Many analysts supportive of the view that al Qaeda has strengthened tend to lump the entire jihadist world into one monolithic, hierarchical organization. Others, like Stratfor, who claim al Qaeda's abilities have been degraded over the years, define the group as a small vanguard organization and only one piece of the larger jihadist pie. From Stratfor's point of view, al Qaeda has evolved into three different -- and distinct -- entities. These different faces of al Qaeda include:
The core vanguard group: Often referred to by Stratfor as the al Qaeda core, al Qaeda prime or the al Qaeda apex leadership, this group is composed of Osama bin Laden and his close trusted associates. These are highly skilled, professional practitioners of propaganda, militant training and terrorism operations. This is the group behind the 9/11 attacks.

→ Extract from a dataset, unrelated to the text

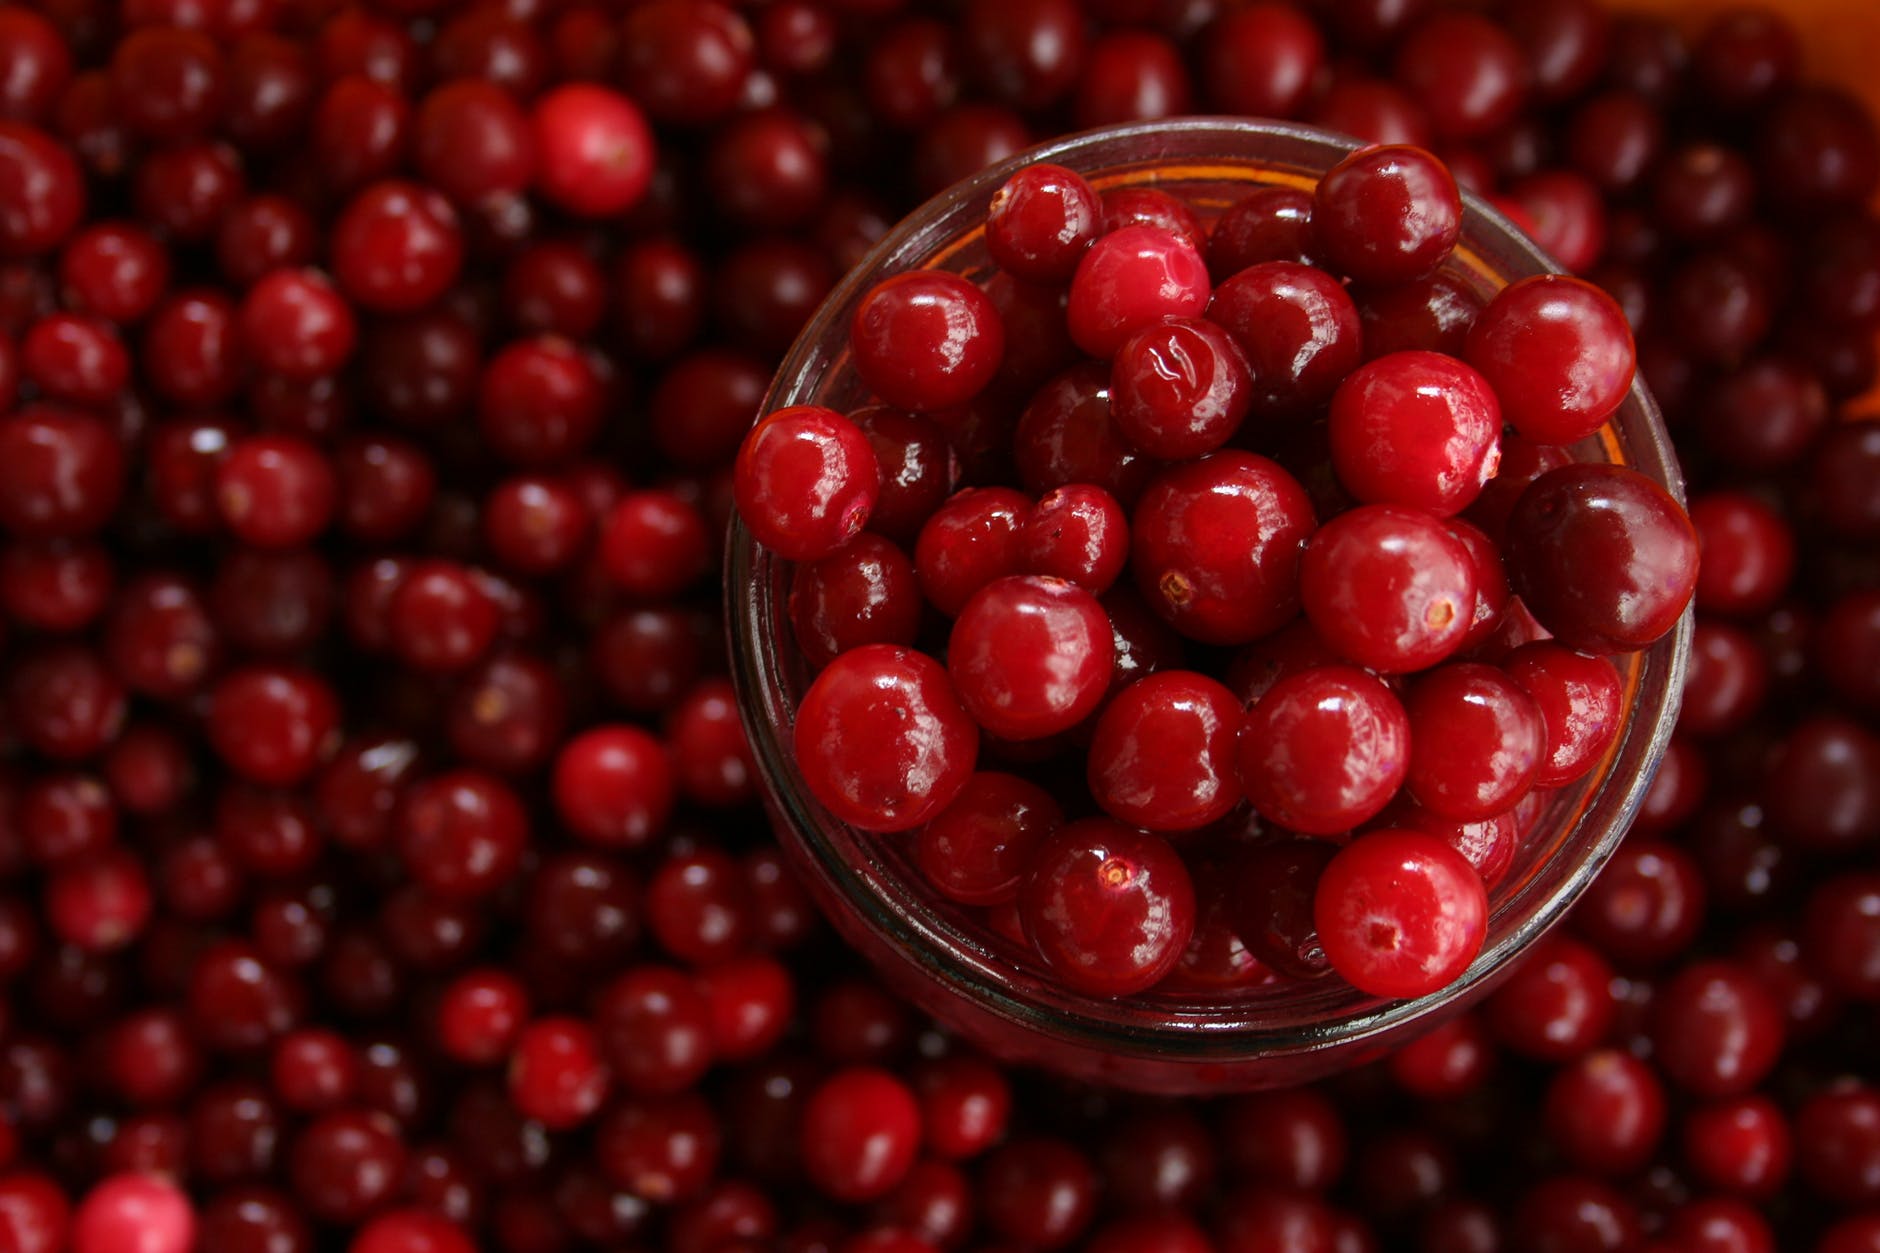 health-benefits-of-cranberry-juice
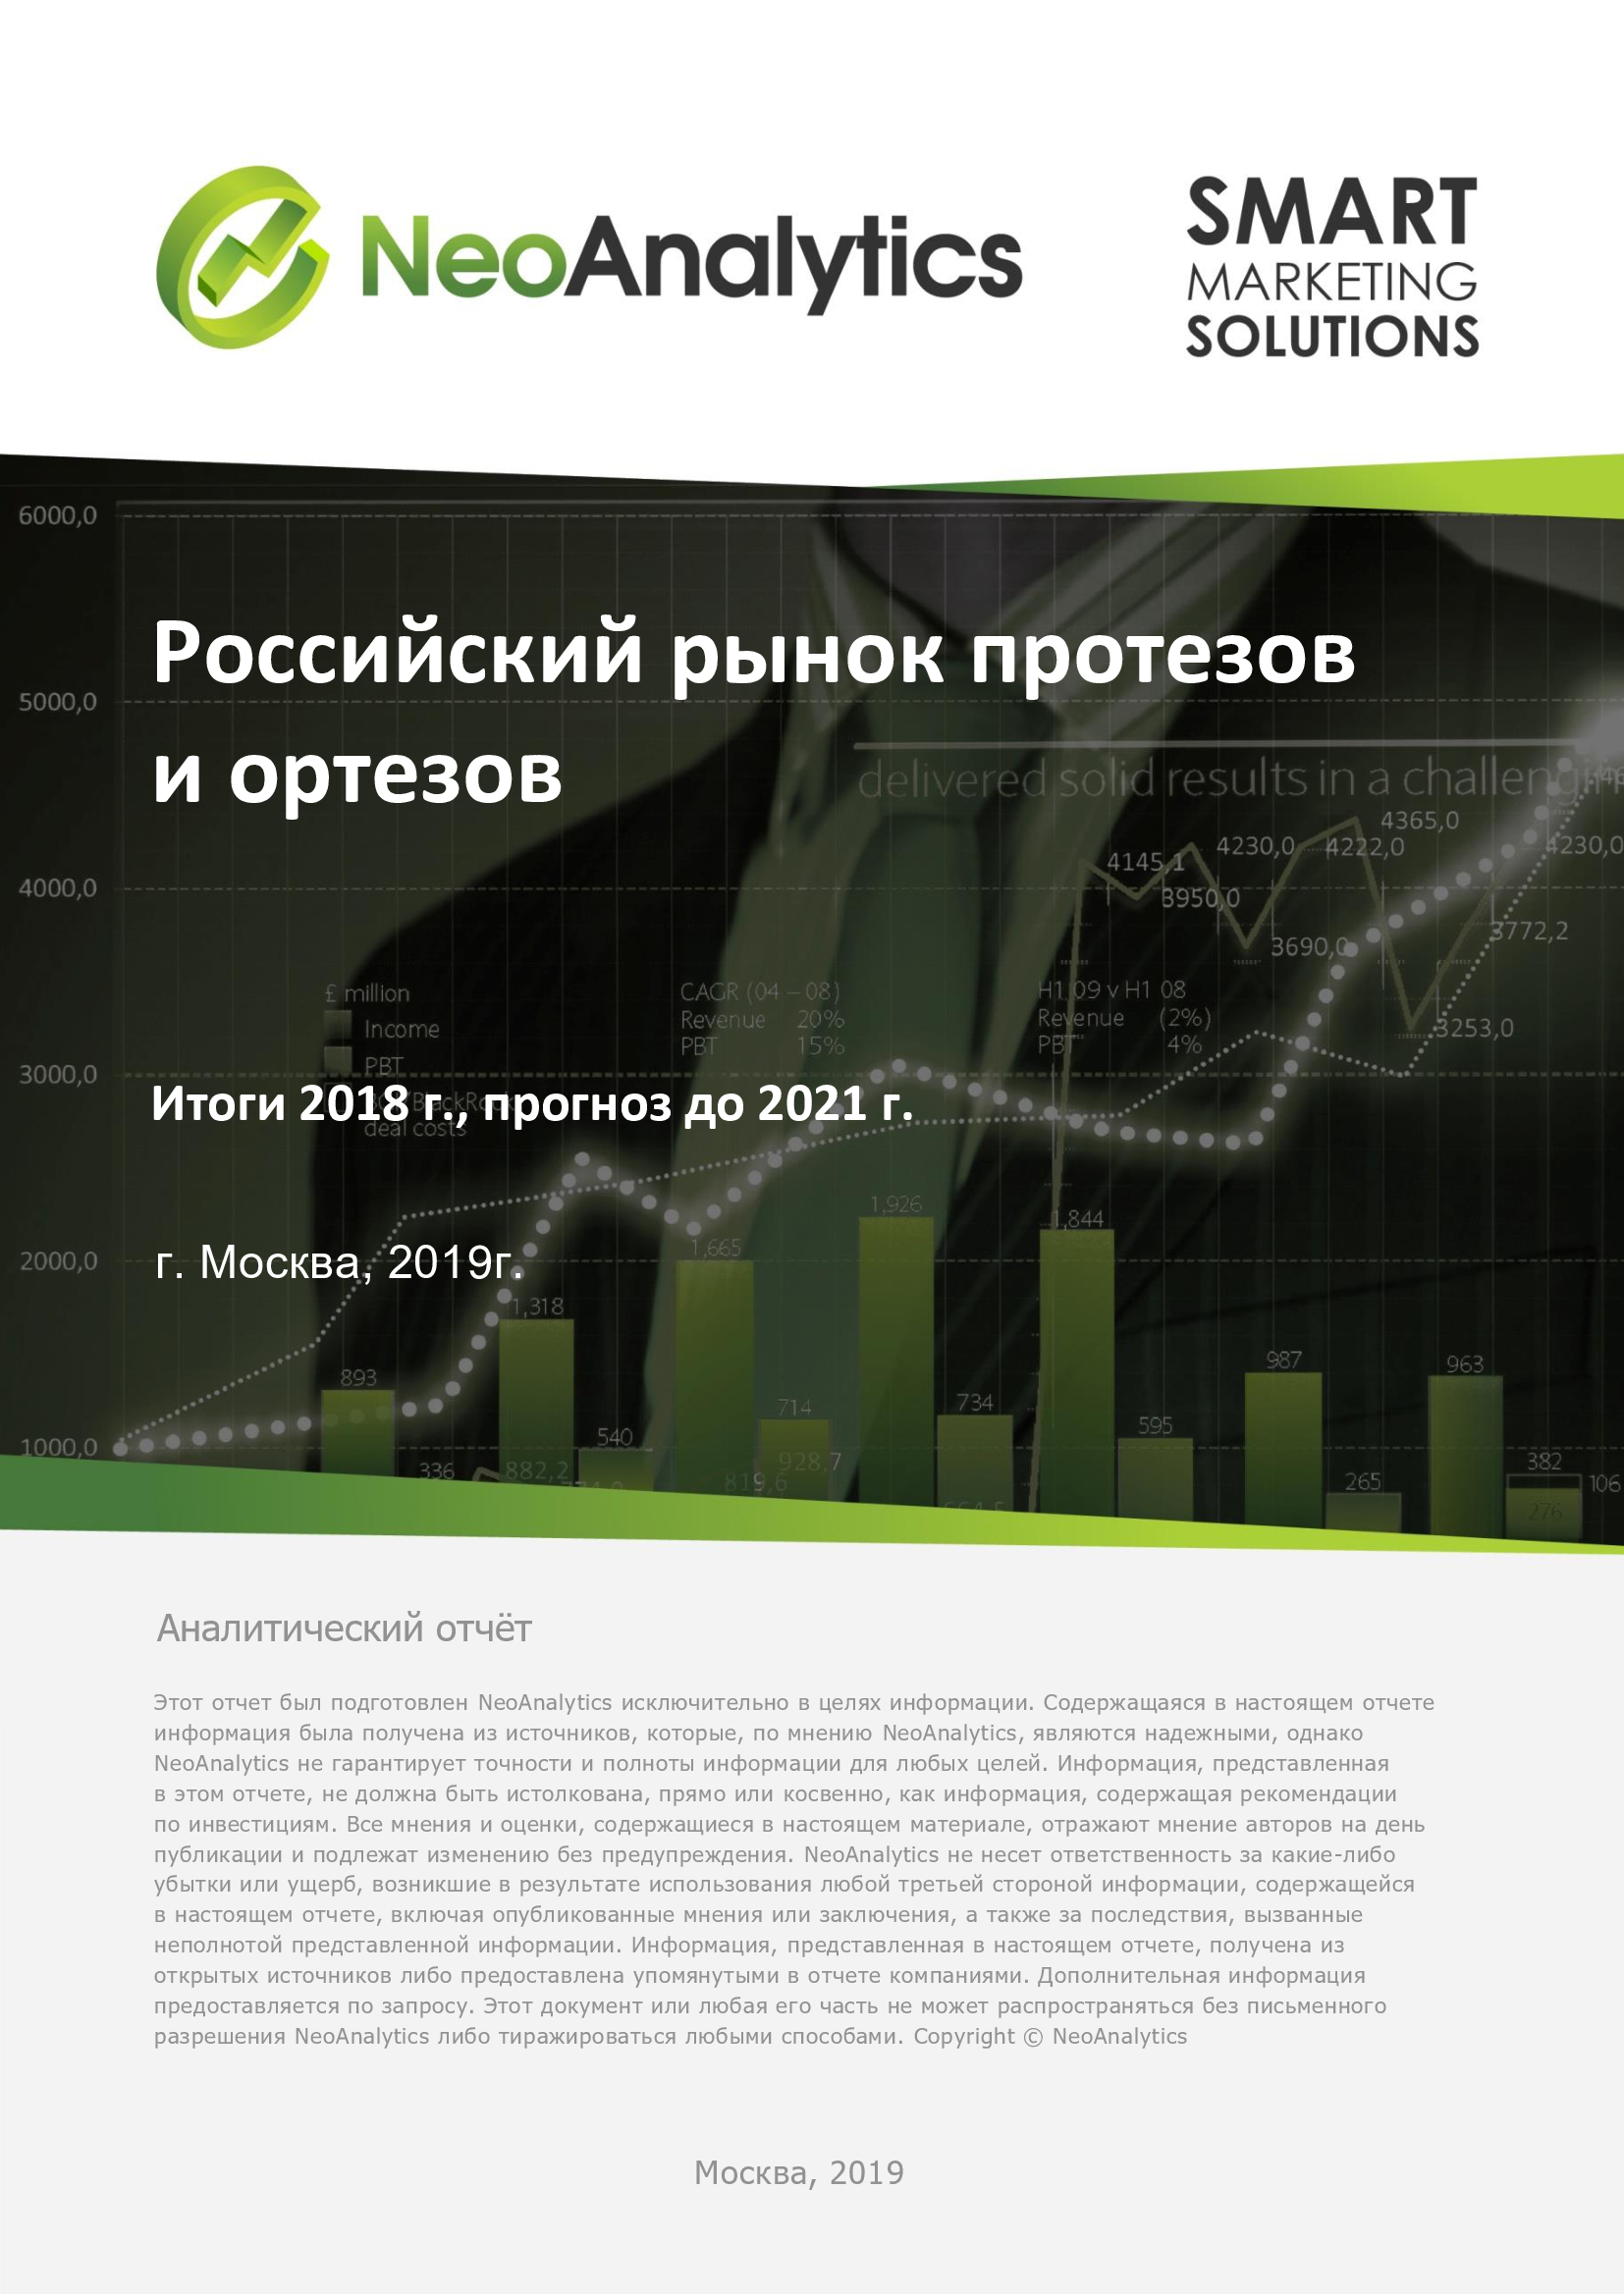 Российский рынок протезов и ортезов: итоги 2018 г., прогноз до 2021 г.

Al Qaeda franchises: These include such groups as al Qaeda in Iraq and al Qaeda in the Islamic Maghreb (AQIM). Although professing allegiance to bin Laden, they are independent militant groups that remain separate from the core and, as we saw in the 2005 letter from al Qaeda core leader Ayman al-Zawahiri to Abu Musab al-Zarqawi, there can be a great deal of tension and disagreement between them and the al Qaeda core. These regional franchises vary in size, level of professionalism and operational capability.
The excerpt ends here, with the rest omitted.